I know those feelings of not being able to enjoy the moment you are in in case it all goes wrong again - story of my life, lol!

Glad that you are turning it around - well done!

Kris said...

Welcome to a new week, a new leaf, a new BLANK page to track points on---or at least journal what you are eating. I am thinking about you!!!

Levi said...

There is a lot of stuff in the NVC training that we discussed awhile back about not judging yourself or others. I mean, this is pretty involved training so I think it takes YEARS to get to the point where you at least recognize self judgement. I told the instructor last night that I feel like I am in an NVC purgatory where I still judge and often (to be funny) make non-compassionate comments and catch myself before I blurt out whatever it was going to be, thus purgatory. I just sit there, pondering WTF was I going to say and why or why was I judging that person or myself?

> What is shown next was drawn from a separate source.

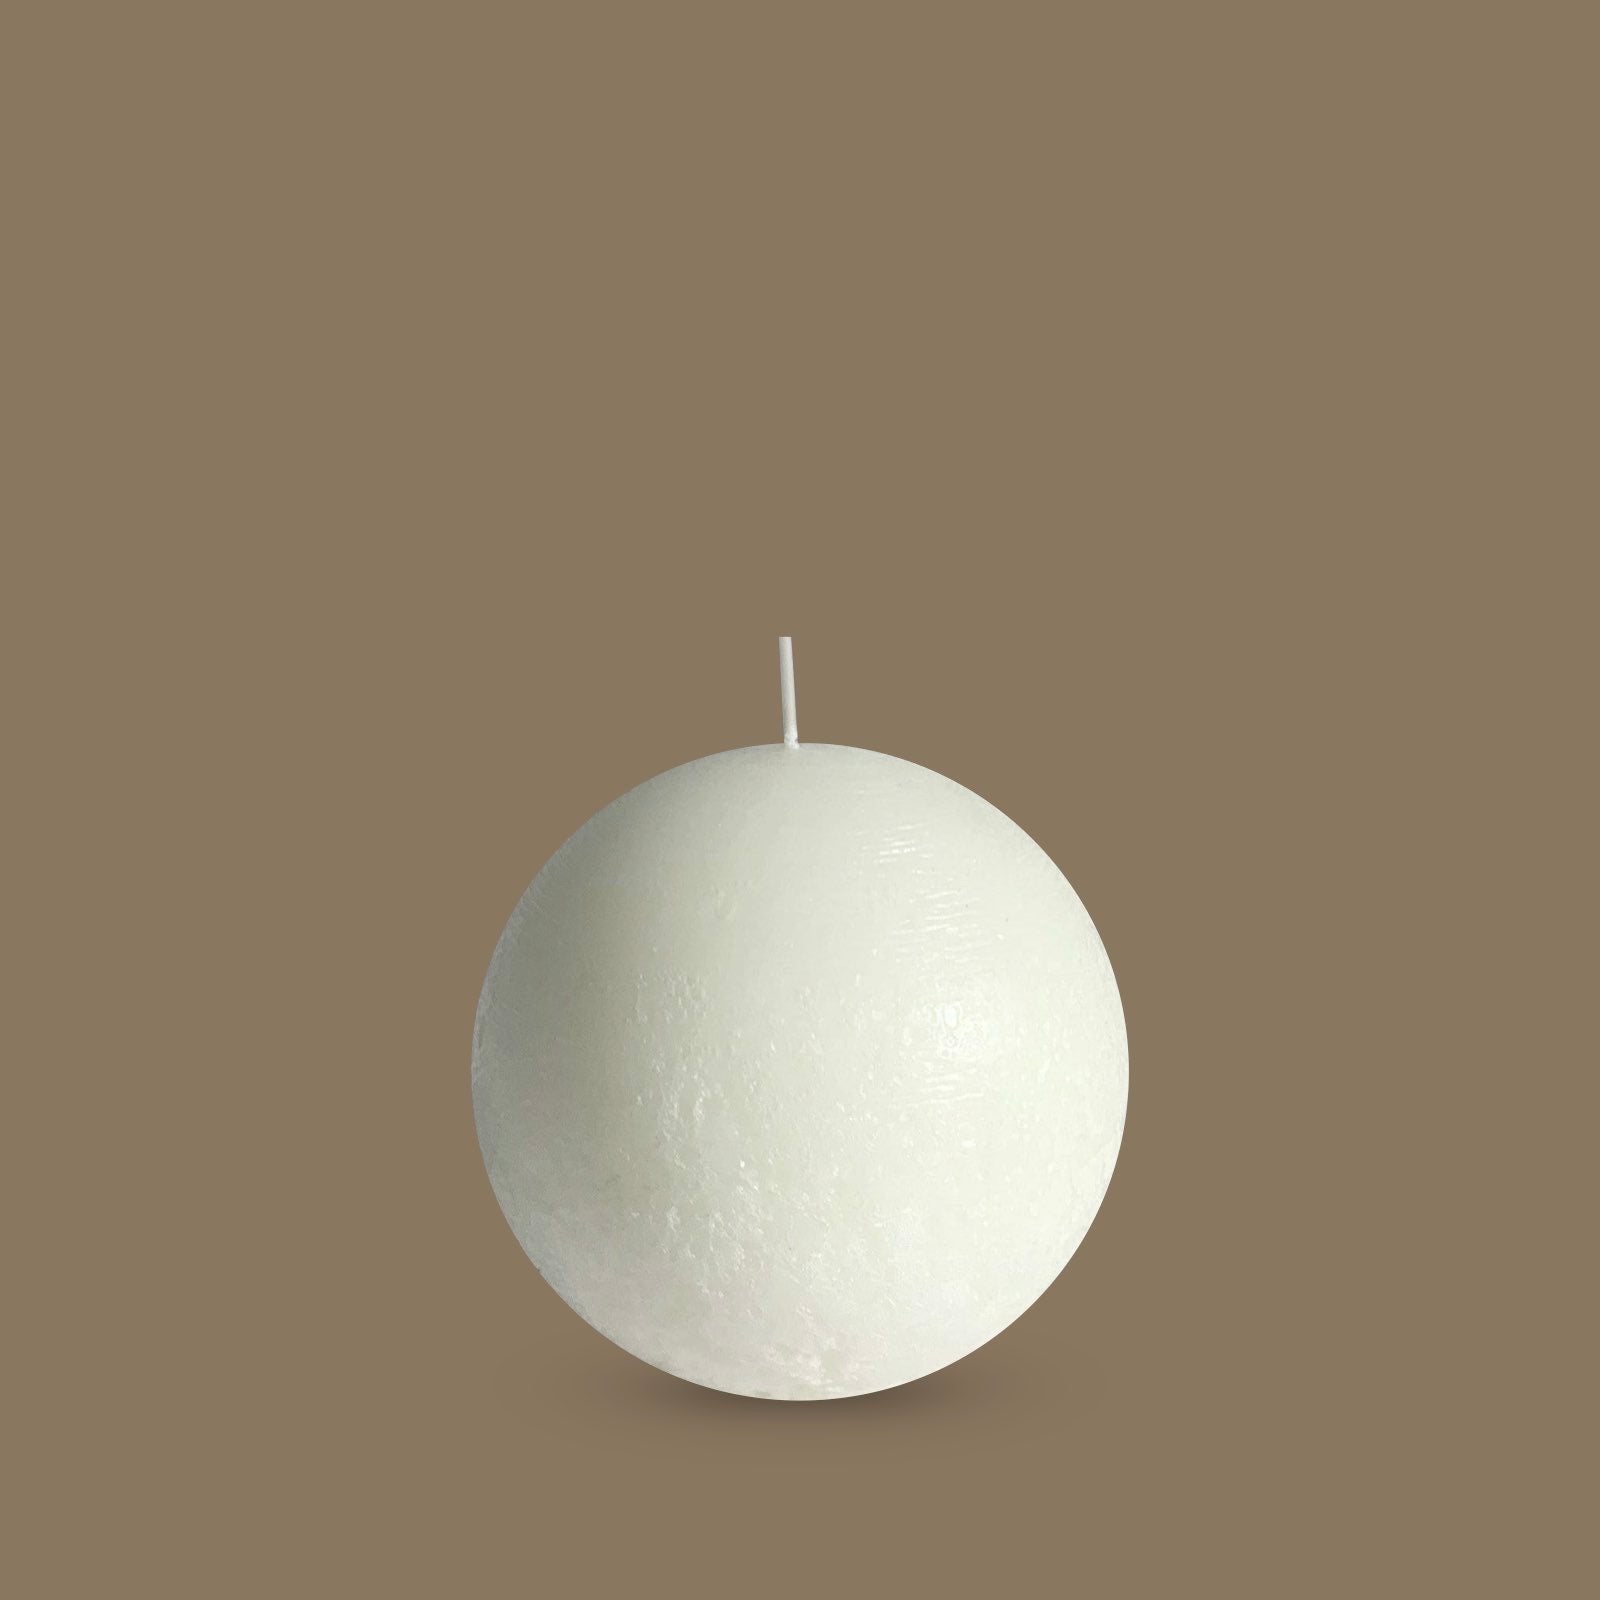 Rustic white ball candle
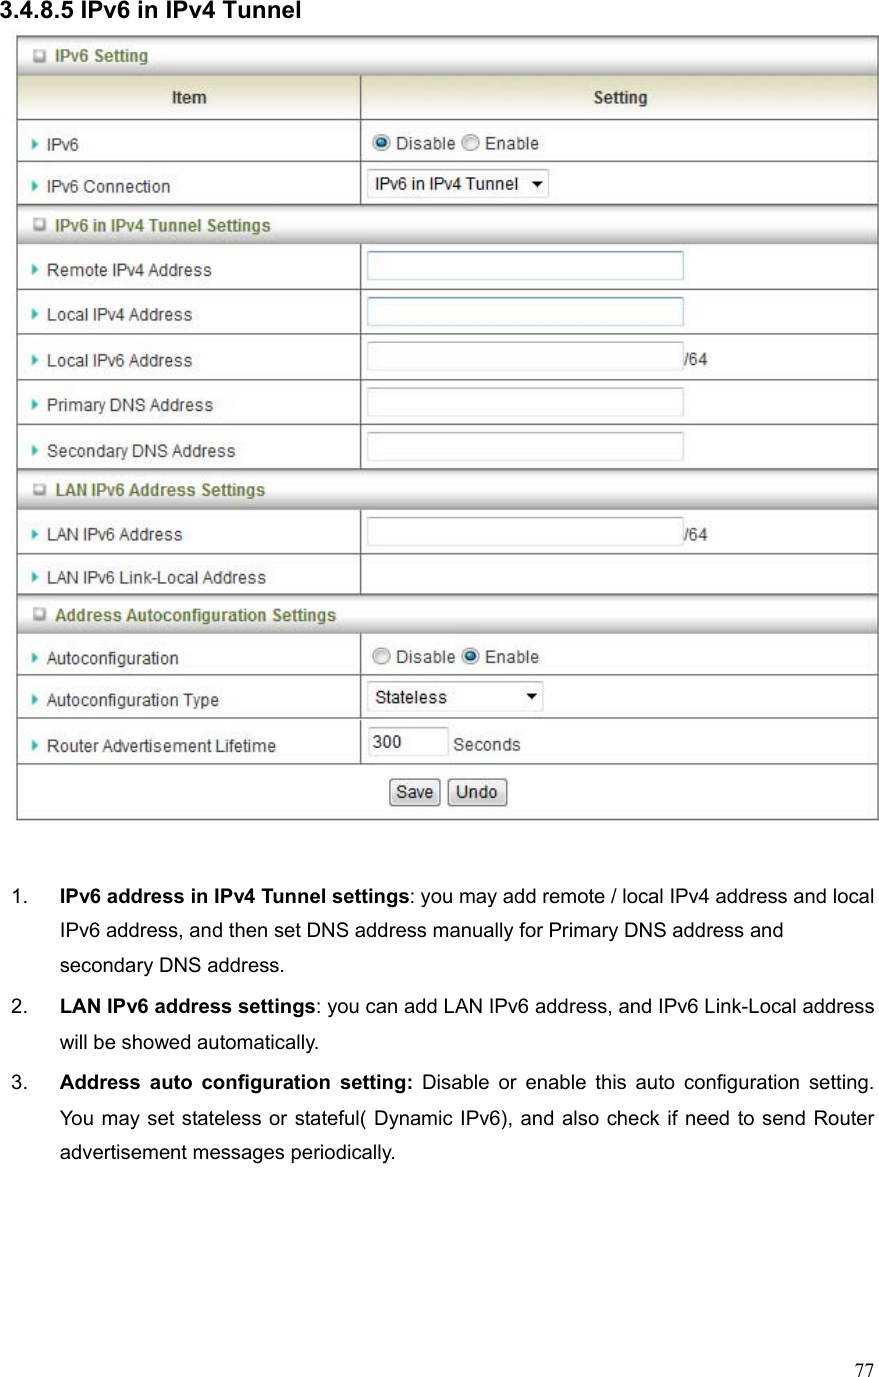  773.4.8.5 IPv6 in IPv4 Tunnel   1.  IPv6 address in IPv4 Tunnel settings: you may add remote / local IPv4 address and local IPv6 address, and then set DNS address manually for Primary DNS address and secondary DNS address. 2.  LAN IPv6 address settings: you can add LAN IPv6 address, and IPv6 Link-Local address will be showed automatically. 3.  Address auto configuration setting: Disable or enable this auto configuration setting. You may set stateless or stateful( Dynamic IPv6), and also check if need to send Router advertisement messages periodically.

There is just so much self-judgement and we must learn it from our families and peers and we can't judge them for helping us learn it. We have to just say "oh, okay, that's what happened." And sort of go on from there.

what a wacky comment this is. I got too many phone calls during! Darn it. "Oh, well, that's what happened."

Rex said...

The wonderful thing about self-discovery is that the new knowledge should empower us not to make exactly the same mistake again; or, if we do, knowing it is likely to have the same results. And yet, knowing this, I still act like I'm surprised when I discover, yet again, that 2+2=4. You are as self-enlightened as anyone I've met in recent history, so I have all confidence that you will continue to tweak your behaviors (and emotional responses to the ups and downs of life) in such a way that it all works the way you want it to. Certainly, that is my wish for both of us.